I received an email with the above title from Daniel Adkins, who elaborates:

I [Adkins] am having a tough time with a dataset including 40K obs and 8K subjects. Trying to estimate a 2 level logit with random intercept and age slope and about 13 fixed covariates. I have tried several R packages (lme4, lme4a, glmmPQL, MCMCglmm) and stata xtmelogit and gllamm to no avail. xtmelogit crashes from insufficient memory. The R packages yield false convergences. A simpler model w/ random intercept only gives stable estimates in lme4 with a very large number of quadrature point (nAGQ>220). When i try this (nAGQ=221) with the random age term, it doesn’t make it through a single iteration in 72 hours (have tried both w/ and w/out RE correlation).
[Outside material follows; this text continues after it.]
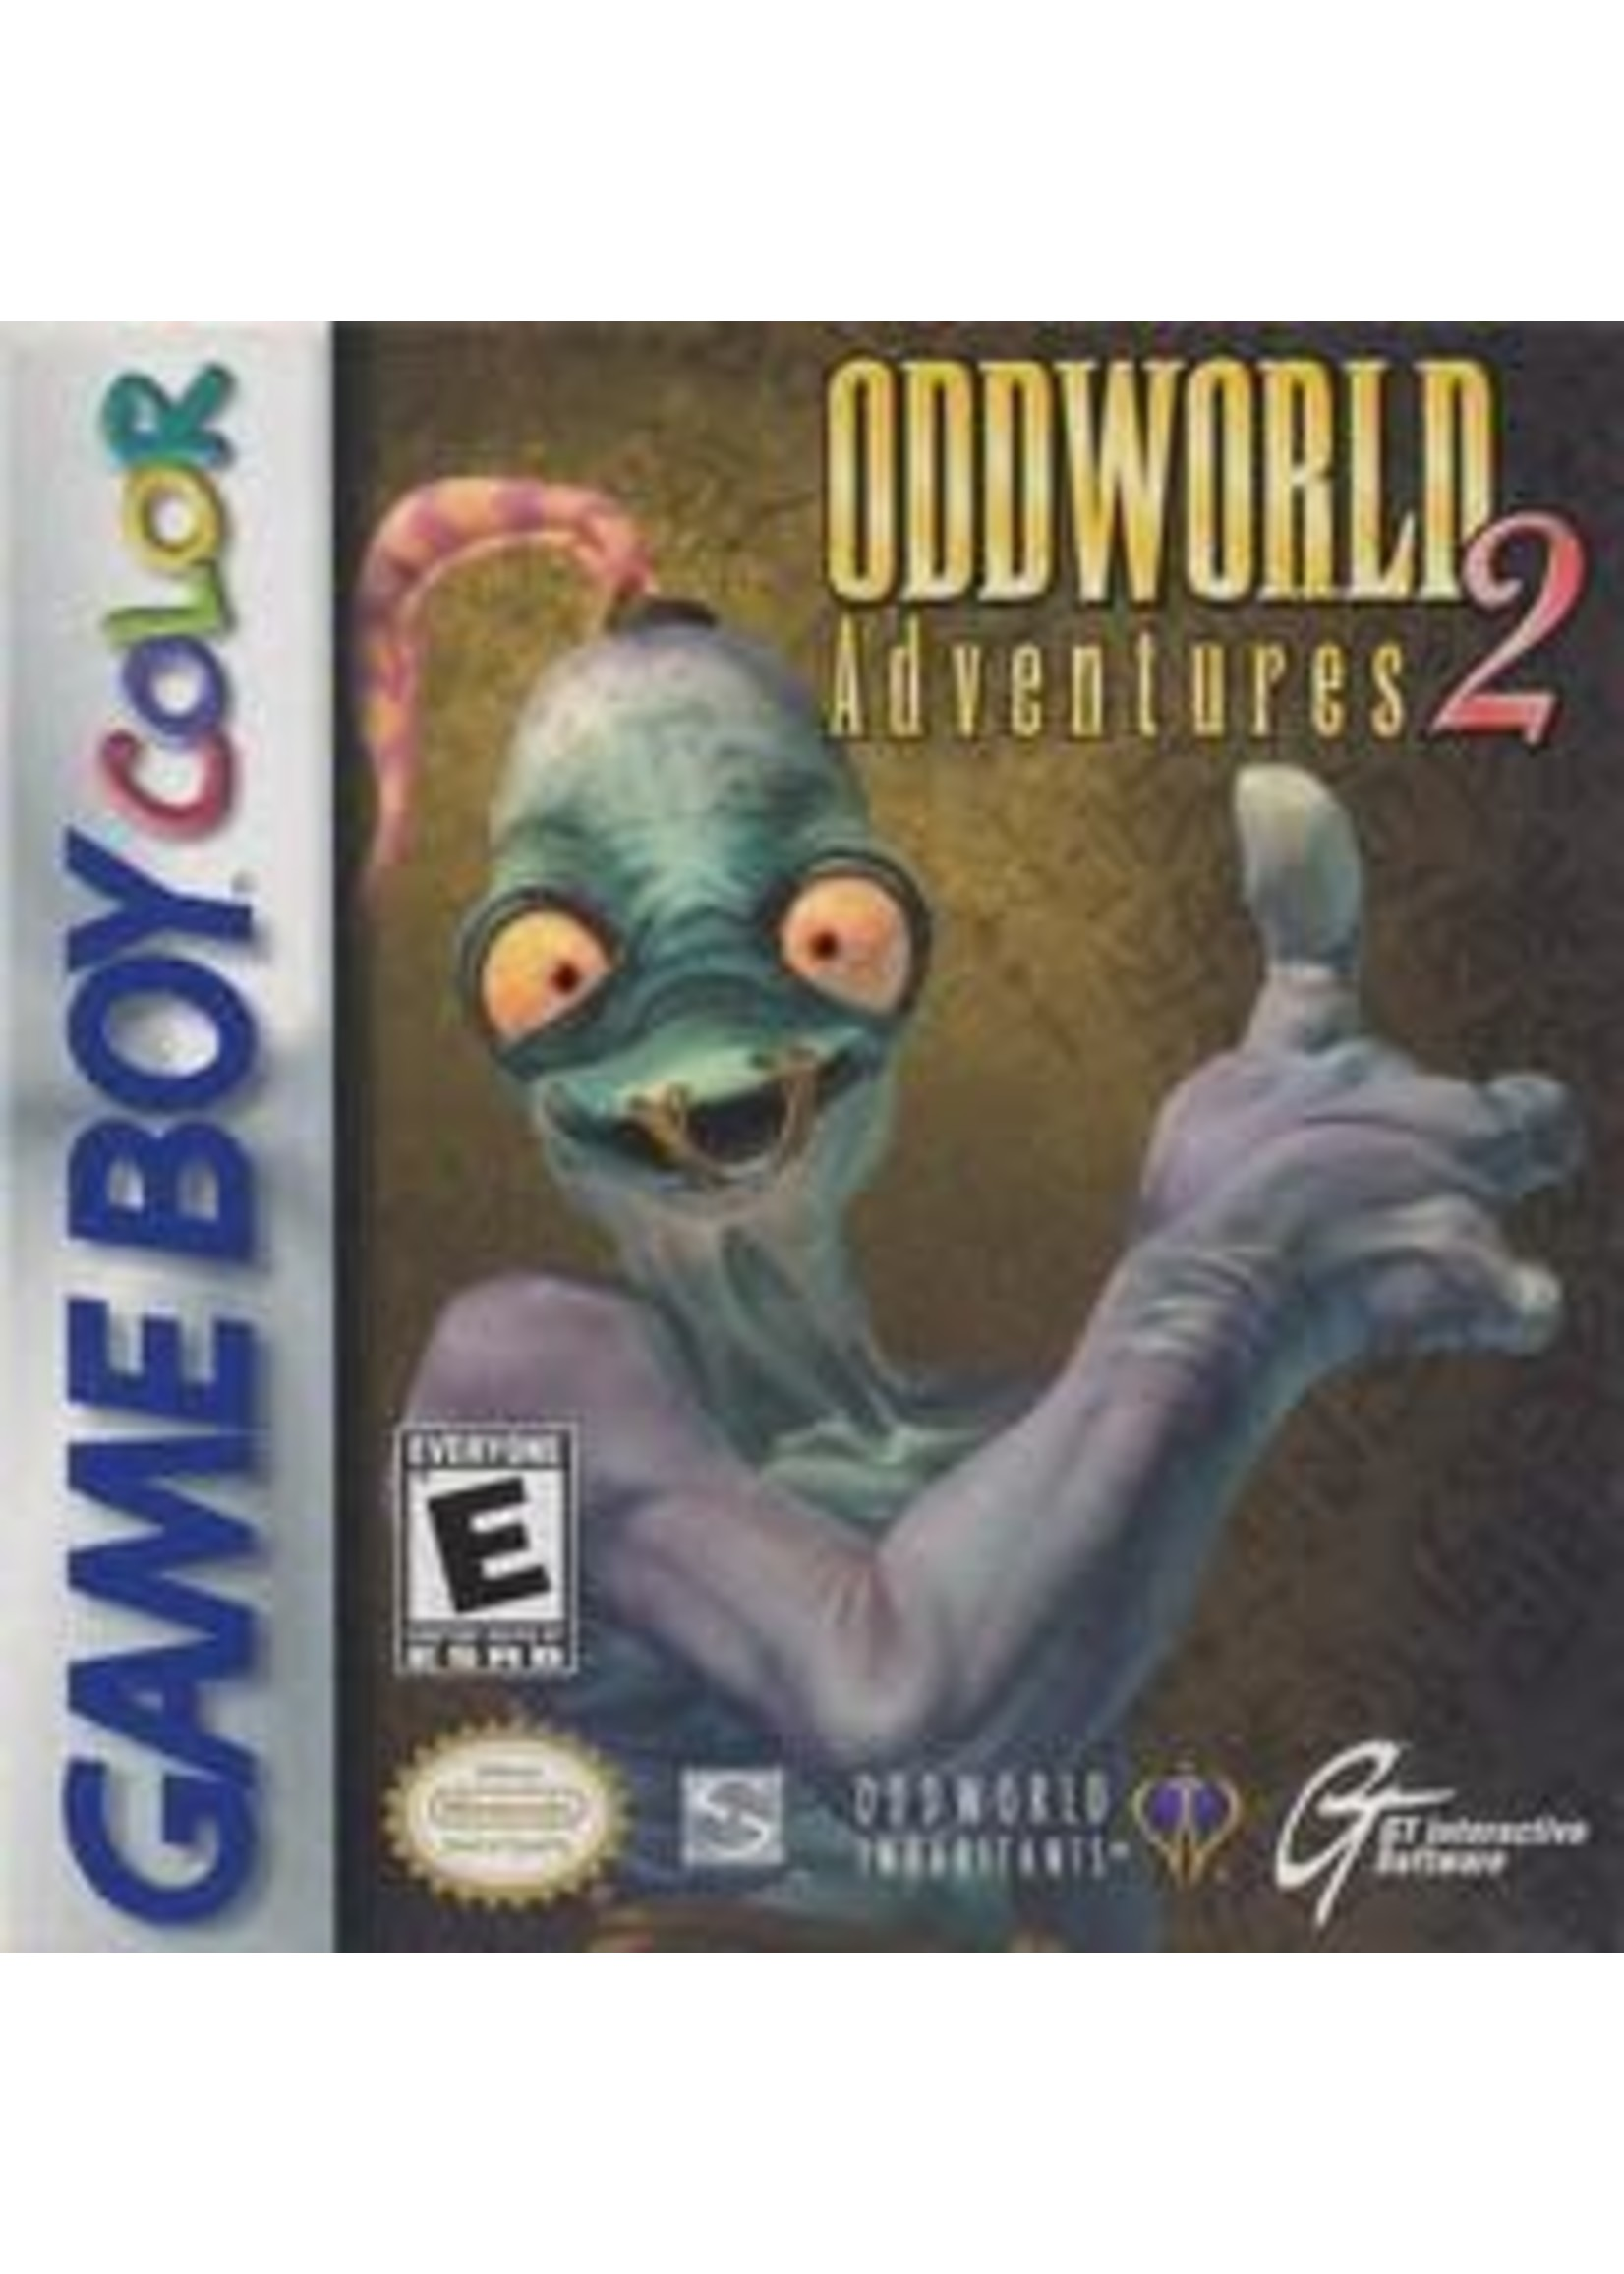 Oddworld Adventures 2 GameBoy Color

I am using a power desktop that is top of the line compared to anything other than a cluster. Have tried start values for fixed effects in lme4 and that doesn’t help (couldn’t figure out how to specify RE starts). Do you have any advice. Should I move to BUGS (no experience, so that would be a little painful)? Try as SEM in Mplus? Is there a trick in lme4 or gllamm, that might help? Cluster/more RAM? I am thinking of splitting the sample, modeling, then combining estimates via meta-analysis, but reviewers may balk at this.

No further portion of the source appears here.